The previously unreported investment, which occurred in March 2023 when the company was “hemorrhaging cash, laying off employees and struggling to raise funds,” was corroborated by a former Aspiration executive, Vorkunov reports.
On September 3, Pablo Torre reported on his “Pablo Torre Finds Out” podcast that Ballmer agreed to invest $50MM in Aspiration in September 2021 (the actual payment occurred in December 2021). Multiple sources tell Vorkunov the Clippers also made a separate $50MM+ investment in Aspiration for “carbon offsetting toward the goal of becoming carbon neutral.”
In April 2022, Kawhi Leonard signed a four-year, $28MM endorsement deal with Aspiration but there’s no evidence he ever performed any work for it.
A subsequent report from Boston Sports Journal, which was confirmed by Torre, indicated that Leonard made a separate side deal with Aspiration to receive an additional $20MM in company stock.

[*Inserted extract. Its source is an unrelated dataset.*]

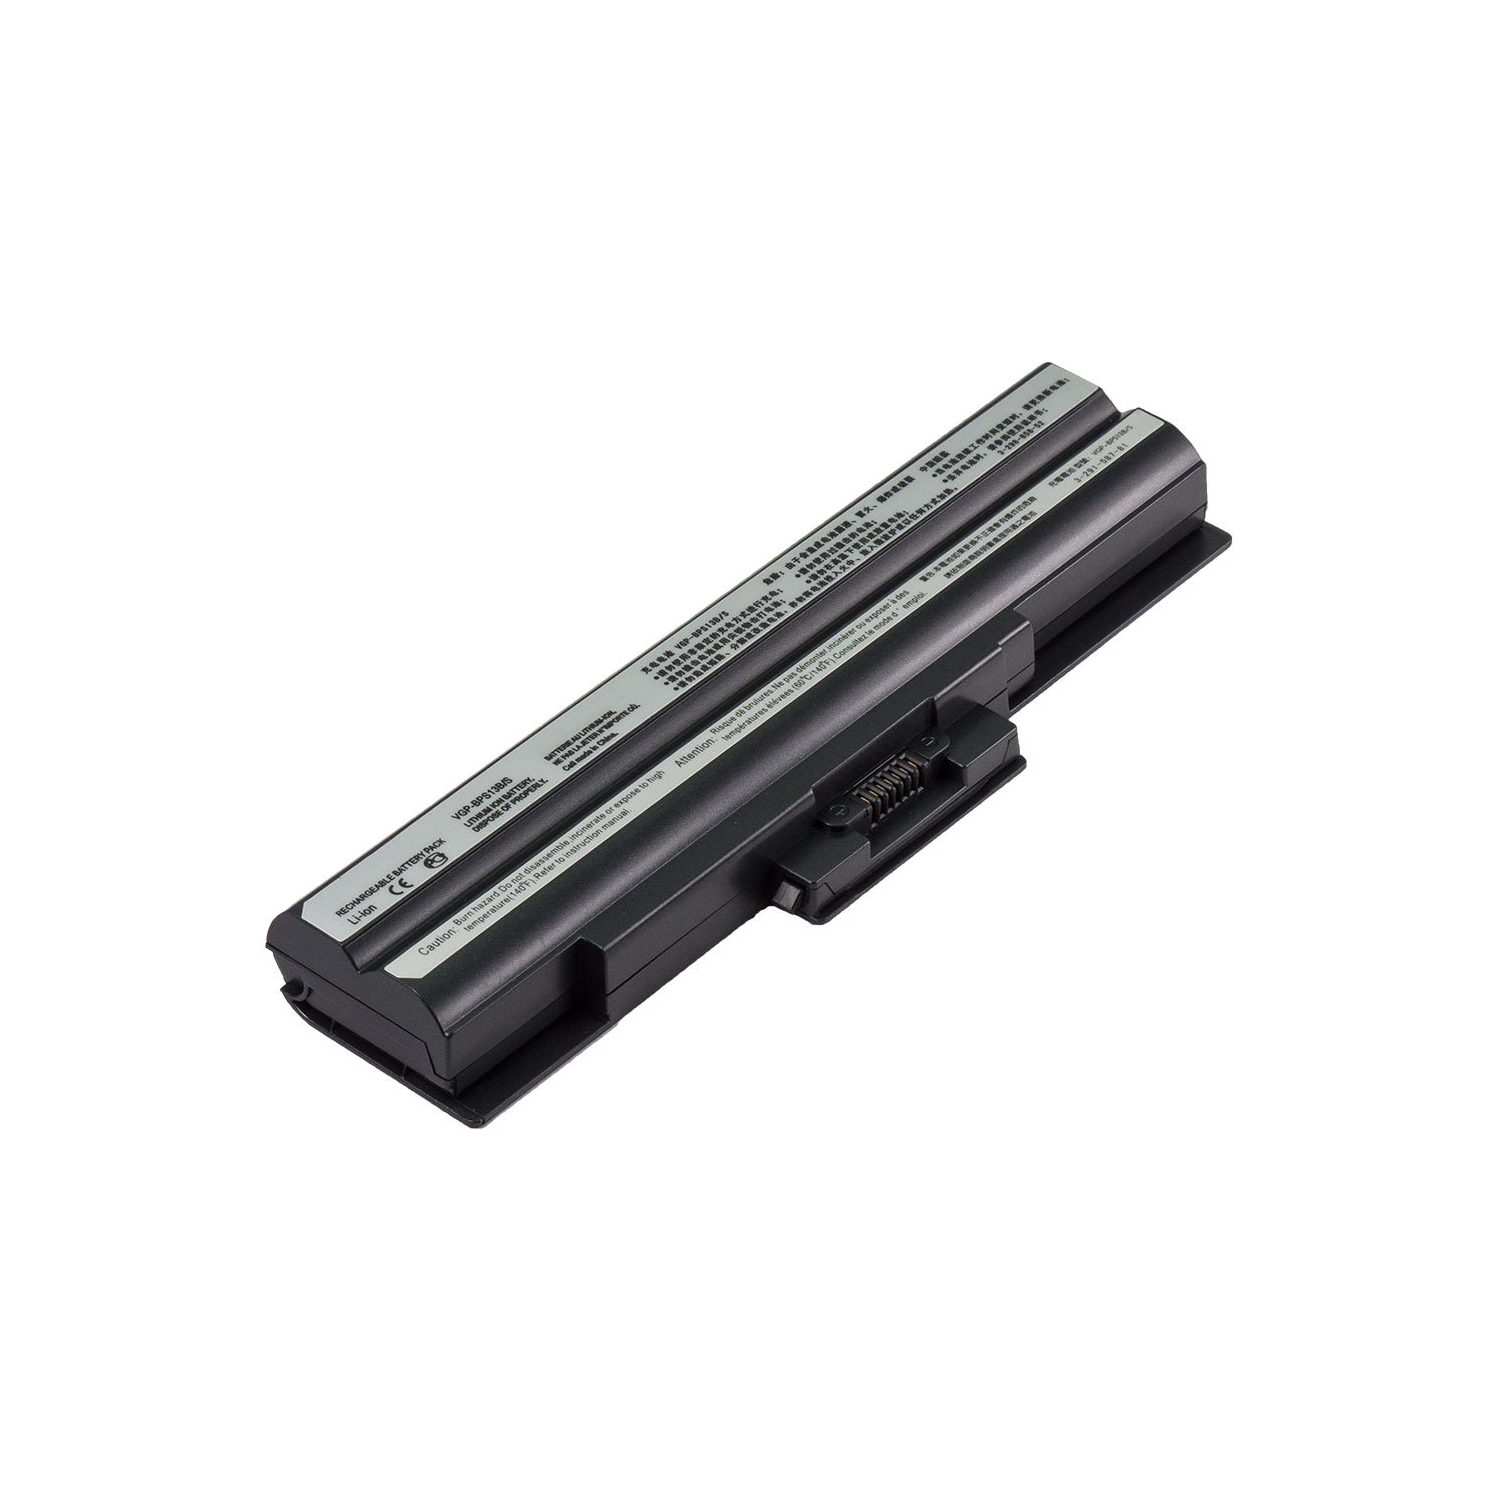 Laptop Battery Replacement for Sony VAIO VGN-NS135E, VGP-BPL13, VGP-BPS13/Q, VGP-BPS13A/B, VGP-BPS13A/S, VGP-BPS13A

That $20MM came directly from co-founder Joe Sanberg.
“I am personally contributing stock to Kawhi to make this partnership possible,” Sanberg wrote members of his leadership team in a May 2022 email obtained by The Athletic. “Aspiration’s CEO judged the deal to be not worth doing. For avoidance of doubt, any and all benefit to Aspiration from the Kawhi deal is being subsidized by my contributing my equity to make this happen.”

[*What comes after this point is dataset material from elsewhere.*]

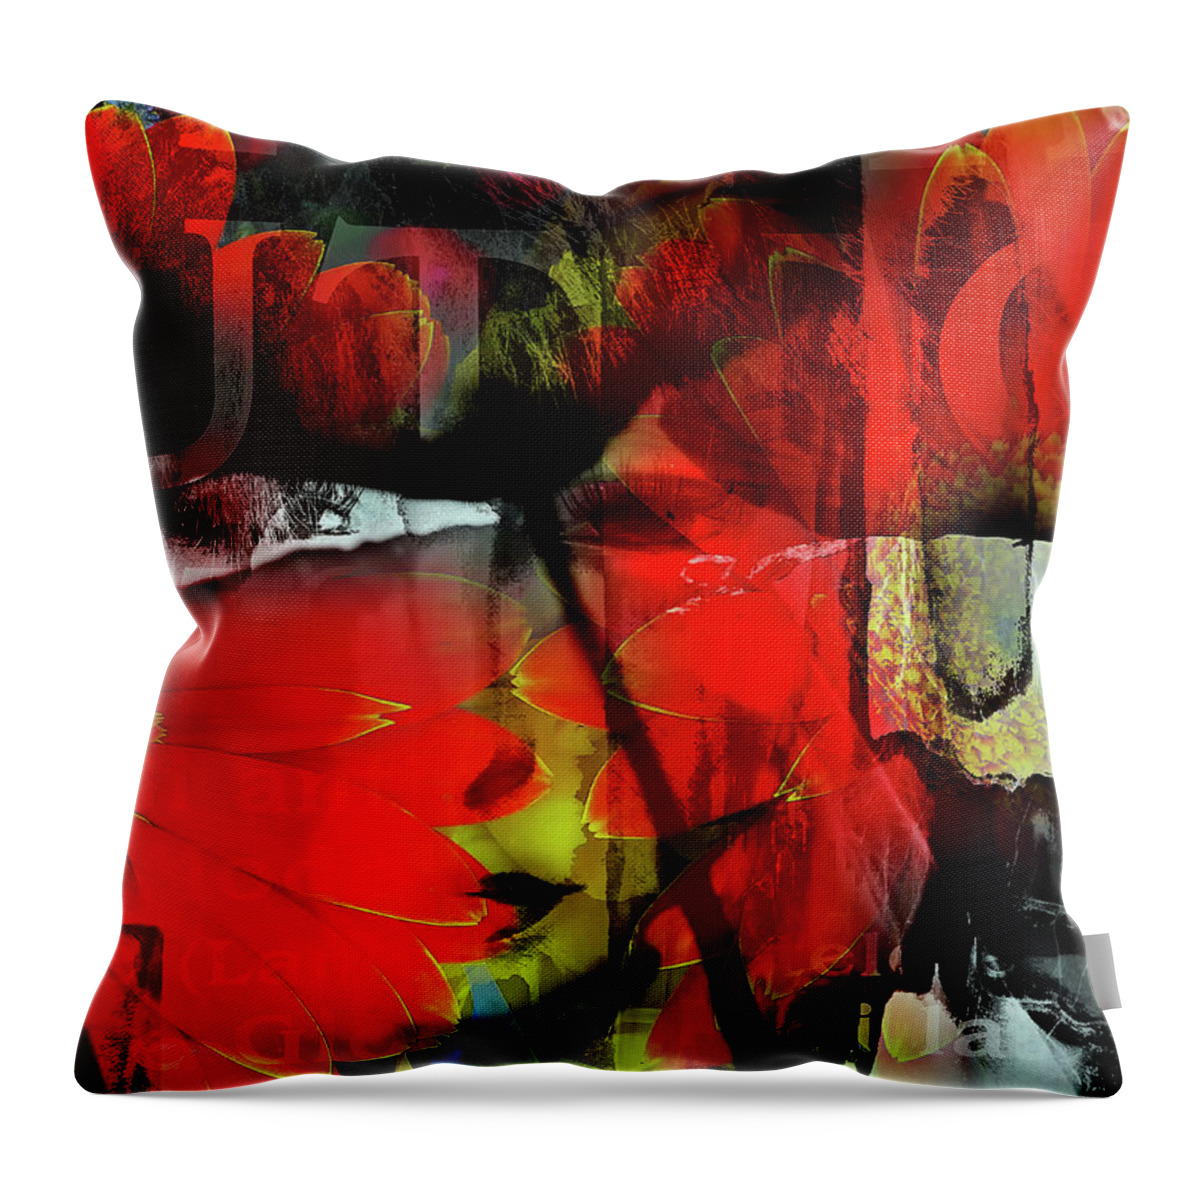 Face Throw Pillow featuring the digital art Behind the poppies by Gabi Hampe

Sanberg pled guilty last month to two counts of wire fraud for defrauding investors and lenders of more than $248MM.
Bruce Arthur of The Toronto Star also reported that Leonard’s camp was seeking essentially the same deal he got with Aspiration when he was a free agent in 2019.
Ballmer’s second investment in Aspiration came three months after his college roommate and the Clippers’ lone minority owner, Dennis Wong, invested approximately $2MM in the company after it failed to make a $1.75MM quarterly payment to Leonard, as reported by Torre. Leonard was paid nine days later, on the same day Aspiration laid off 20% of its workforce.
The NBA is investigating whether the Clippers and Leonard circumvented the salary cap through their deals with Aspiration.
Leonard’s contract had certain obligations he was supposed to meet but it also permitted him to refuse to do anything “not consistent with his beliefs,” according to Vorkunov. Former CEO and co-founder Andrei Cherny disputed that Leonard had a “no-show” deal,” Vorkunov adds.
However, Leonard’s contract drew “confusion and frustration” within the company, with one former top executive telling Vorkunov the deal “materialized essentially out of the ether.”
Another former Aspiration executive told Vorkunov that celebrity endorsers Leonardo DiCaprio and Robert Downey Jr. both received less than $2MM in their deals.
The NBA will need to come down hard on the Clippers. Reminds me of college football finding out players were getting free stuff but NCAA would come down harder on teams that were not top 10 teams.
Yeah, this is ugly looking and the league ain’t having any of this. I see forfeited picks and a massive fine coming the Clips way.
Does Kawhi get suspended for this as well? I mean, he should be. He obviously made this as part of his contract negotiations.
I agree on Kawhi, but I have a feeling the Player’s Association will intervene. Should they? Of course not. But that’s one of the downsides with strong unions—they will advocate even for their worst members in order to prevent a precedent being set for the rest, even in instances of wrongdoing.
Ultimately I think he does get suspended, but not for nearly as long as he should be.
@greg1,
It’s going to be hard to sanction Kawhi unless there’s evidence that the Clippers knew about the Aspiration endorsement deal. It’s not illegal to ask for money, and speculation about why the contract was offered to him isn’t evidence.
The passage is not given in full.